Currently, the objective of the Central Bank of Ecuador is to strengthen dollarization, guarantee technical autonomy and be at the service of the citizens. The BCE is the administrator of the international reserves, contributing directly to the preservation of economic stability. It promotes the use of monetary payment methods and fostering monetary education. Additionally the BCE generates macroeconomic statistics in a technical manner, and guarantees the availability of banknotes and coins in the Ecuadorian territory.

Central Bank of Ecuador’s Logo
On February 4, 1976, the Central Bank of Ecuador adopted as its logo the Golden Sun from La Tolita culture, from the northern coastal region of Ecuador. The Golden Sun is a mask with a headdress that represents the mixture between a star and an animal. It has 48 rays distributed in a serpent form.

History

Background
In the first three decades of the twentieth century, the Ecuadorian economic and financial system was characterized by permanent macroeconomic, financial and monetary problems, such as the lack of control of monetary emission and private banks activities.

This situation was aggravated even more by the international context of World War I and the inflationary and deflationary problems that led to the Great Depression of 1929. Before this global crisis, during the first five years of the 1920s, the international demand for cacao, Ecuador's main export product of the time, suffered a big price fall accompanied by pest problems in some of its crops, leading to economic crisis and political instability.

Foundation

The economic and political crisis led to the revolt of young army officers on July 9, 1925, known as the Revolución Juliana, which was generated in the midst of growing social discontent.

Luis Napoleon Dillon, Minister of Finance at the time and one of the main figures of the Revolución Juliana, is considered the first promoter of creating an Ecuadorian Central Bank. His objective was to establish an institution or organization for issuing currency, making transfers, depositing and discounting of the State.

Dillon's proposal did not succeed, although the "Law of the Ecuadorian Central Bank" was approved on October 9, 1925. Nevertheless, on January 10 of the following year the first Board resigned, including Dillon.

In spite of this, the idea matured with the leadership of Isidro Ayora, one of the main promoters of the Revolución Juliana.
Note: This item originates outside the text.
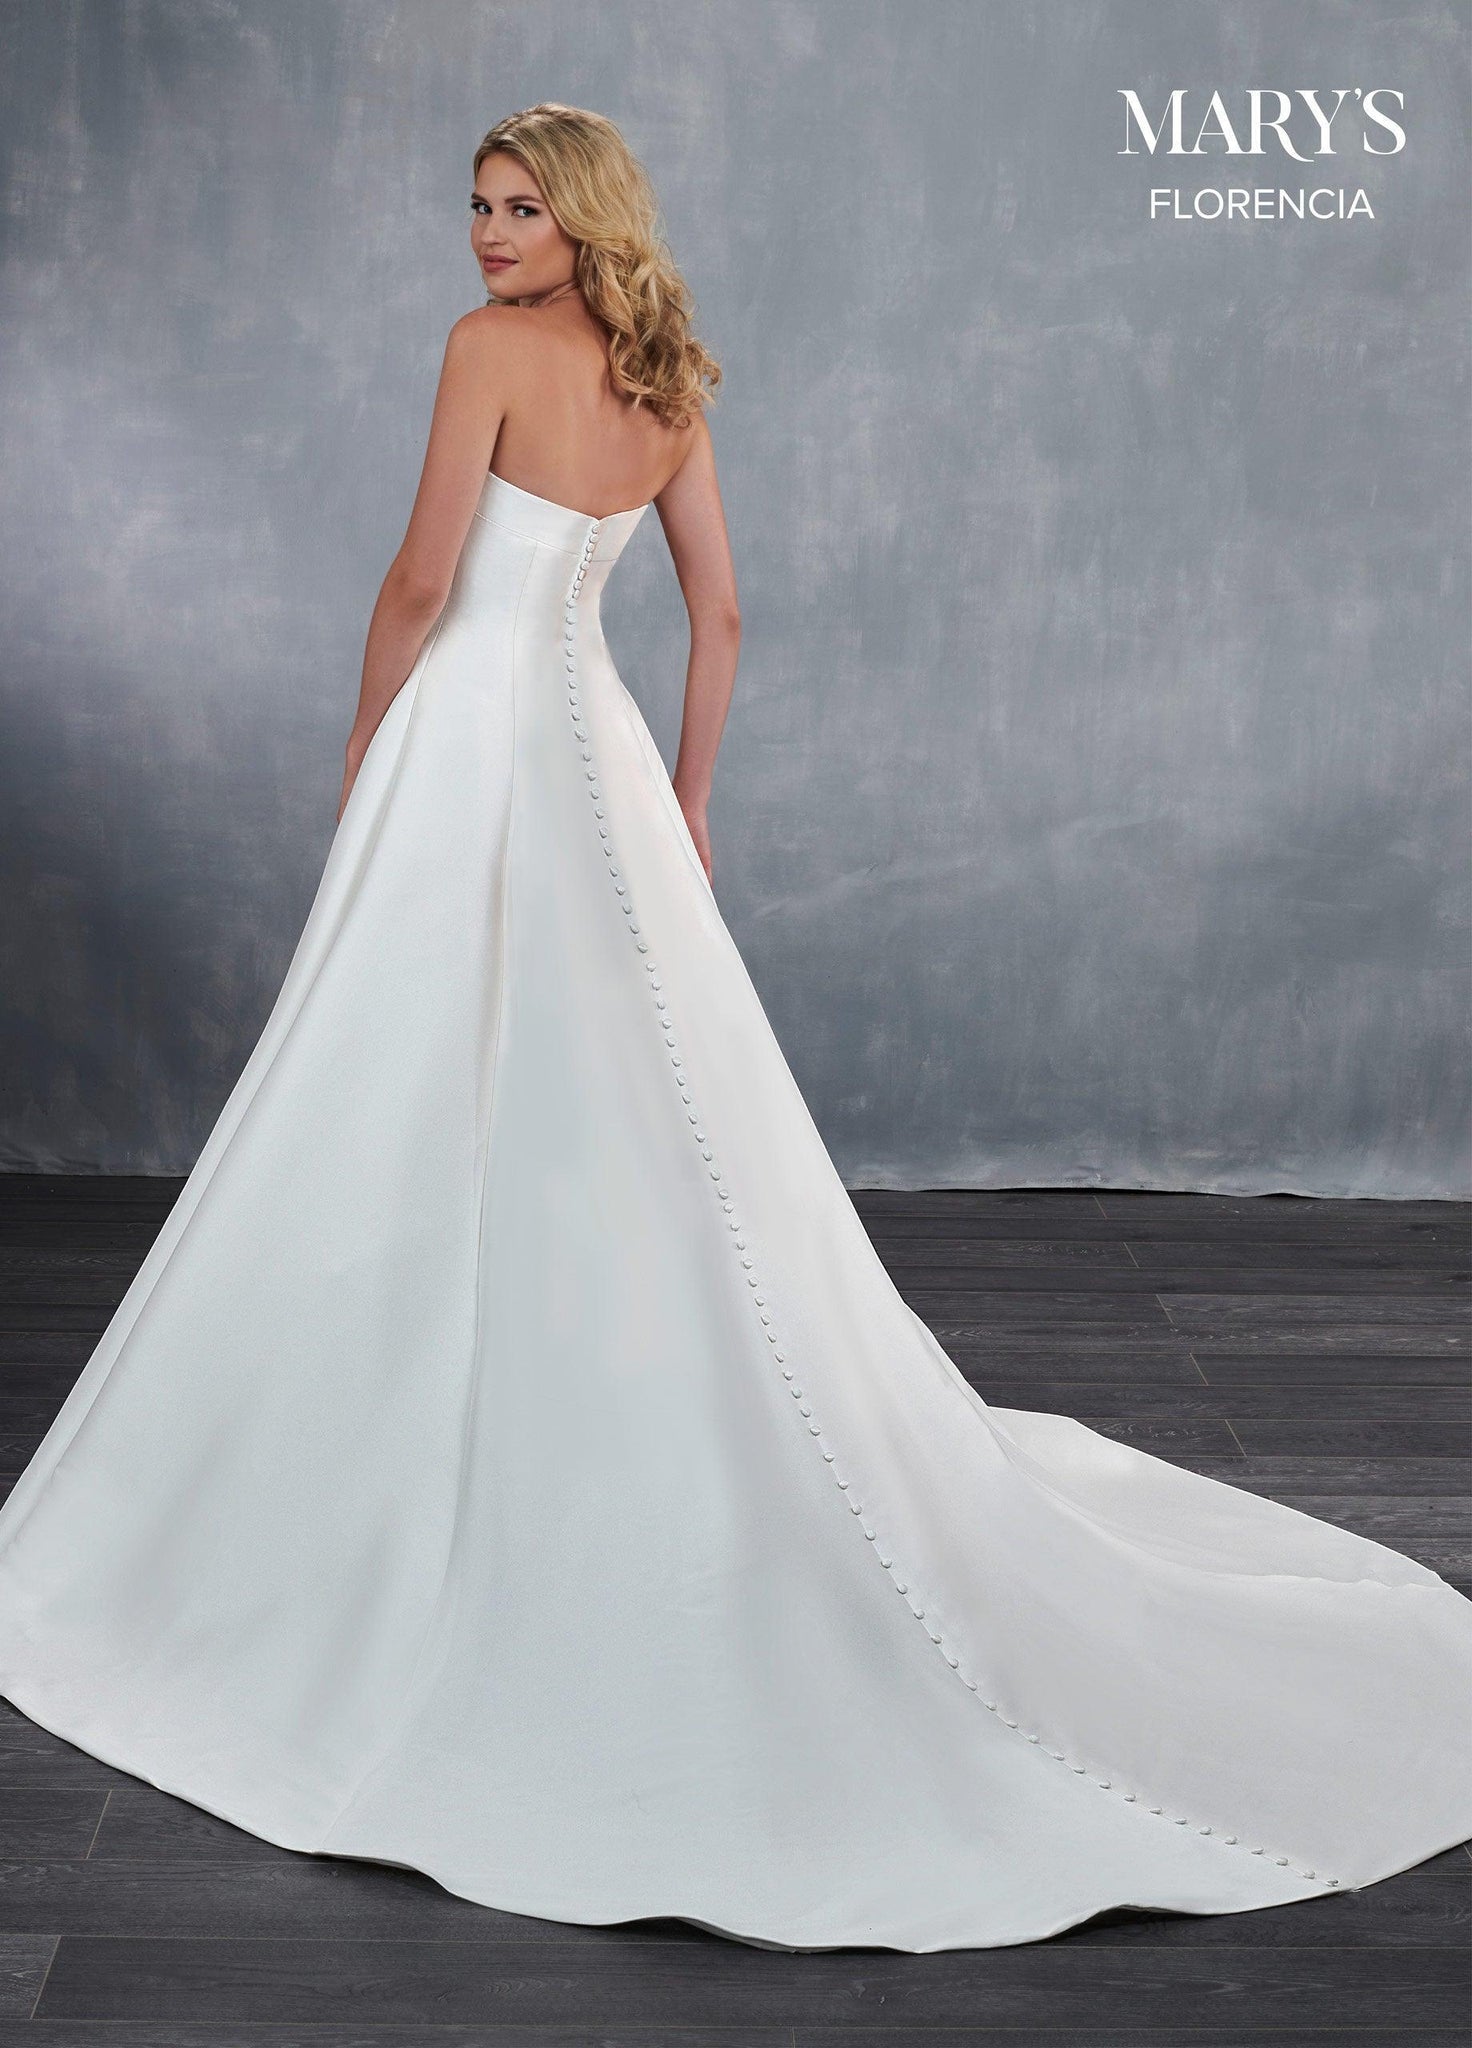 MARY'S BRIDAL - Constance - Adore Bridal and Occasion Wear
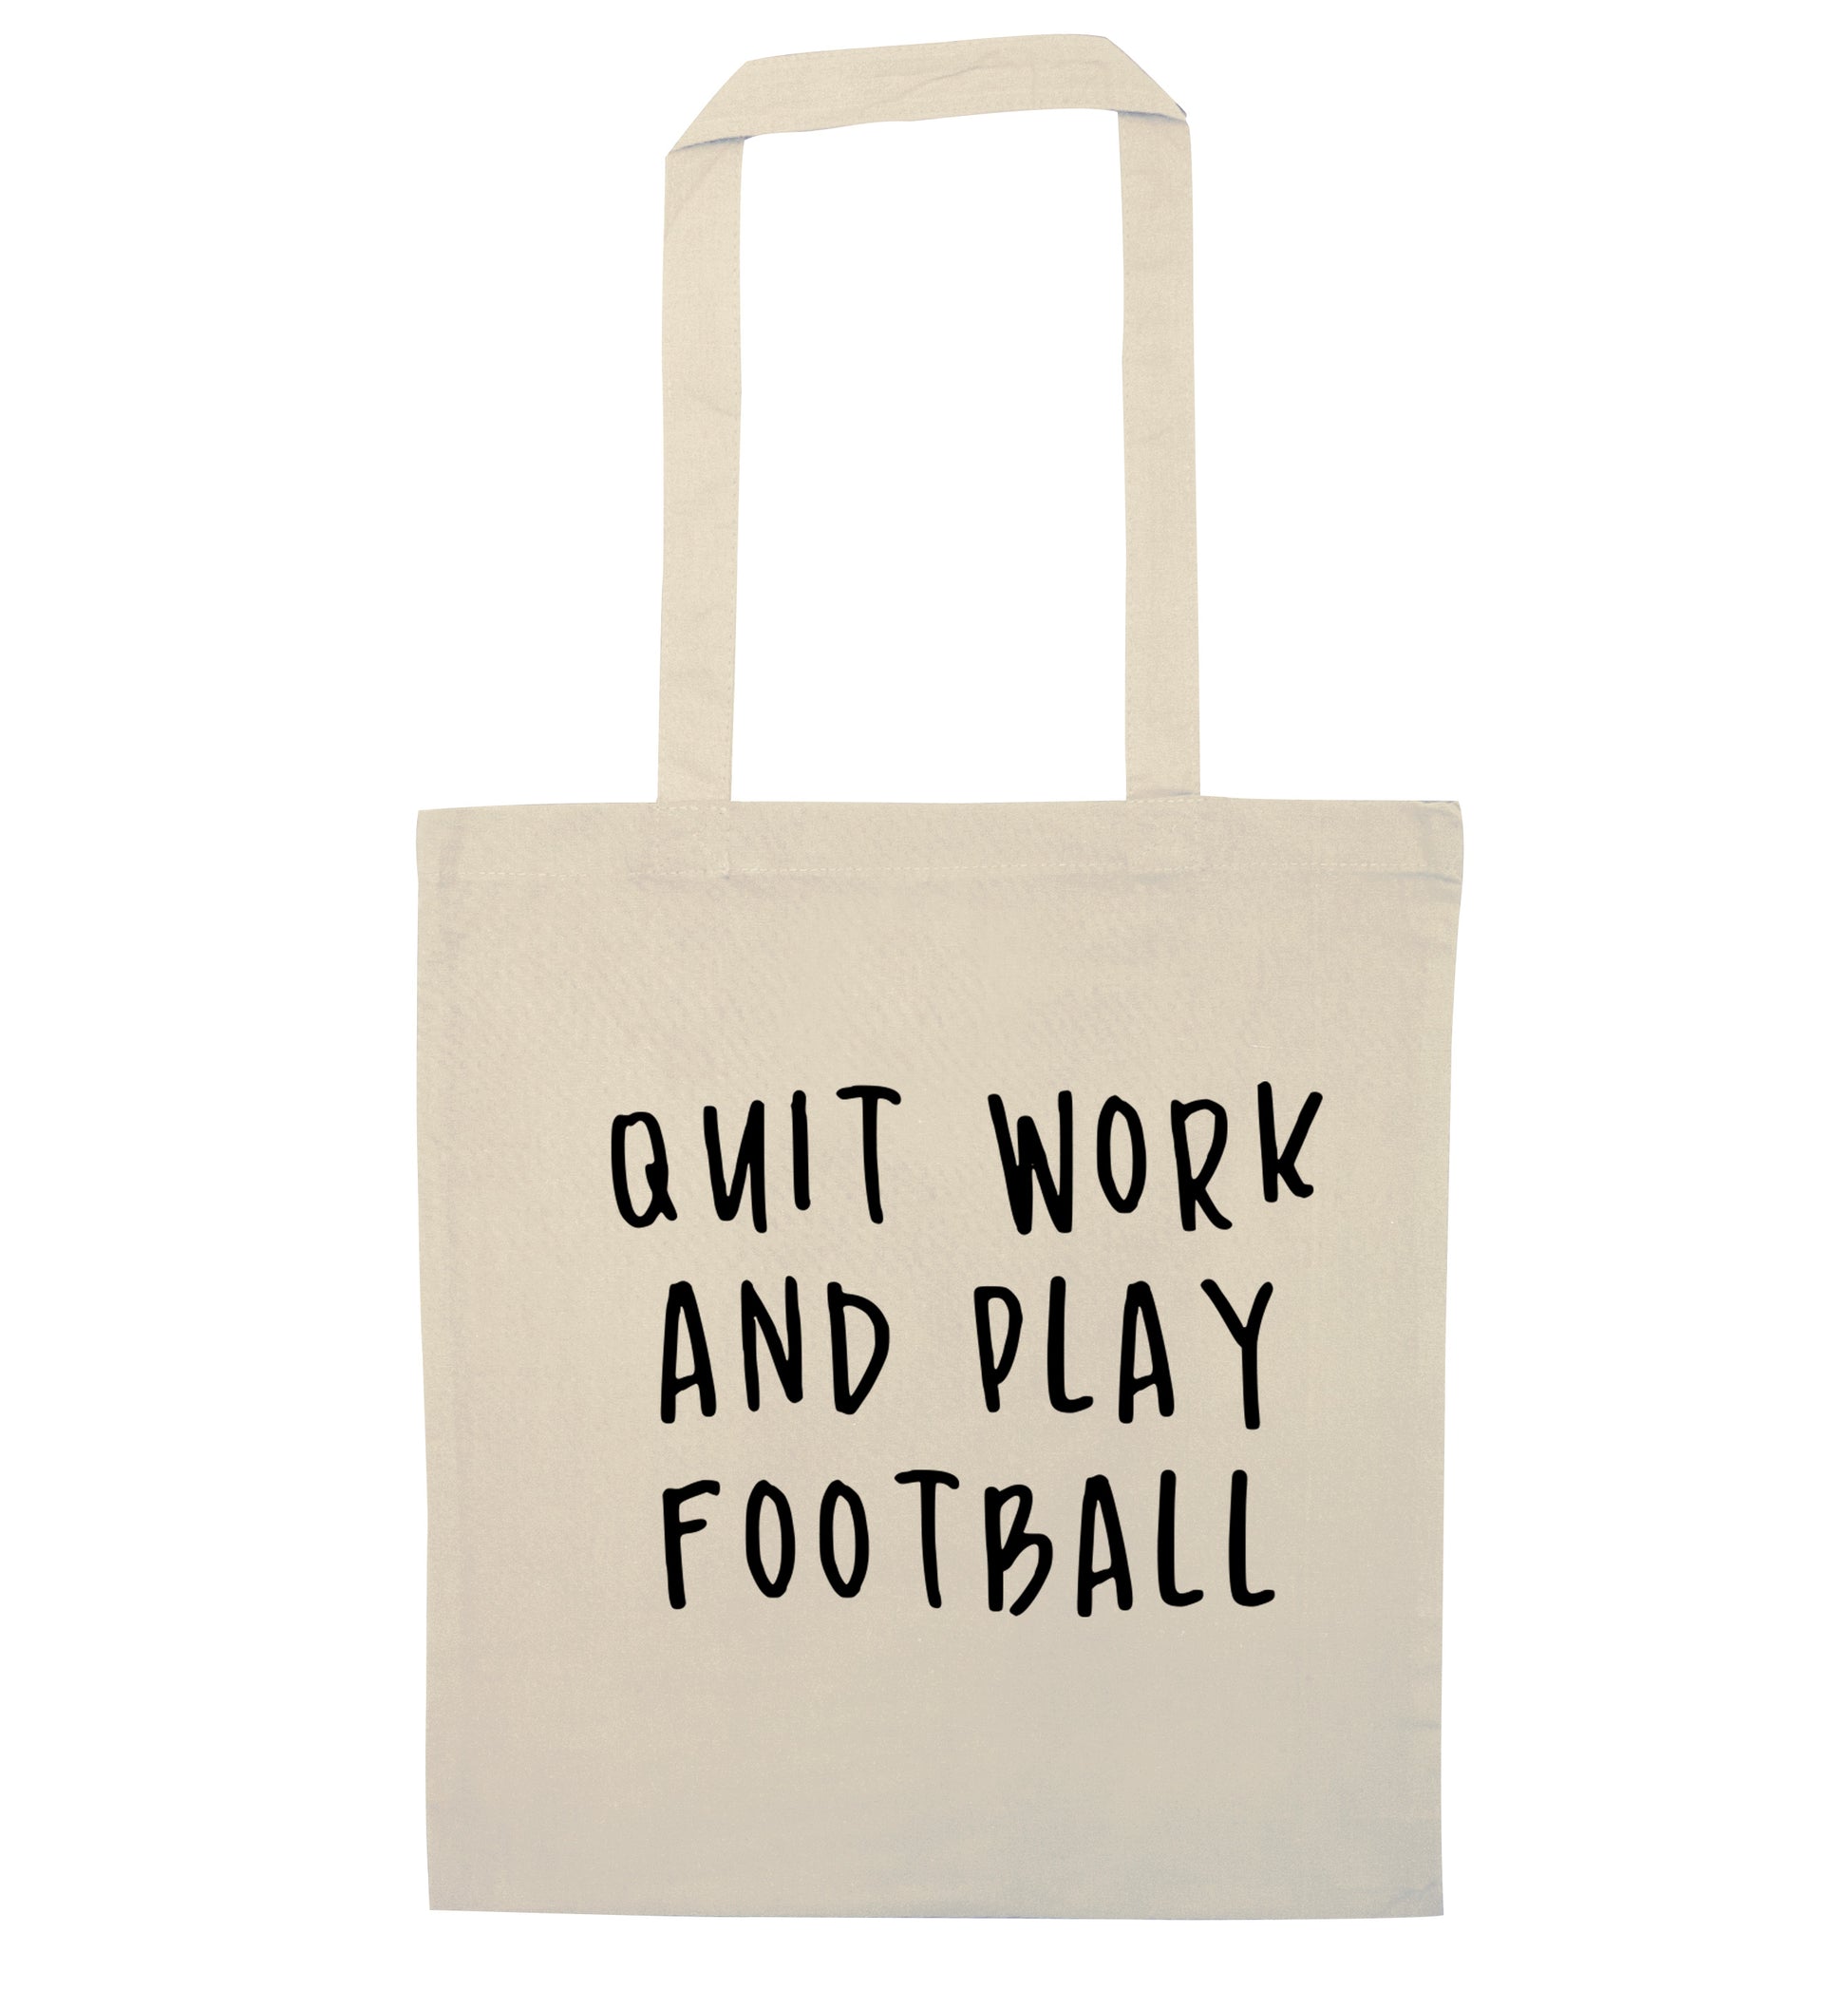 Quit work play football natural tote bag

Under his administration, on June 26, 1926, the Caja Central de Emisión y Amortización was created, entity in charge of officially recognizing the total amount of means of payment and provisionally authorizing the circulation of banknotes. Later, on October 18 of that year, President Isidro Ayora ordered the authorized banks to issue currency to deliver to the Caja Central de Emisión certain amounts of gold and silver which, in total, represented ten million six hundred thousand sucres. Due to the critical situation of the economy, the Provisional Board invited the researcher, economist and finance professor at Princeton University, Edwin Kemmerer, to advise on the adoption of an extensive set of modernizing economic measures, among them, the creation of a central bank.

On February 11, 1927, the “Kemmerer Mission” presented the Central Bank Organic Law to the government for their consideration, accompanied with a statement of reasons, in which they suggested that this institution should become an authorized printing money company for 50 years, apply fixed-rate rediscounting, become a depository for the government and associated banks, manage the foreign exchange market and act as fiscal agent.

The creation of the Central Bank of Ecuador responded to the need to implement reforms to strengthen and organize the country's financial and monetary system, considering the difficulties of that time such as: unsupported issuance, price increases, speculation, credit and payments balance problems.

This bill was approved by President Isidro Ayora on March 4, 1927, and published in the Official Register No. 283, on March 12, 1927. The preparation of the new central bank operation was in charge of an Organizing Commission, appointed by Ayora himself. On June 3 of the same year, the statutes were approved, after overcoming several operational difficulties between the Caja Central de Emisión and the new institution. On June 4 the first Board of Directors was formed, presided by Neptalí Bonifaz as president.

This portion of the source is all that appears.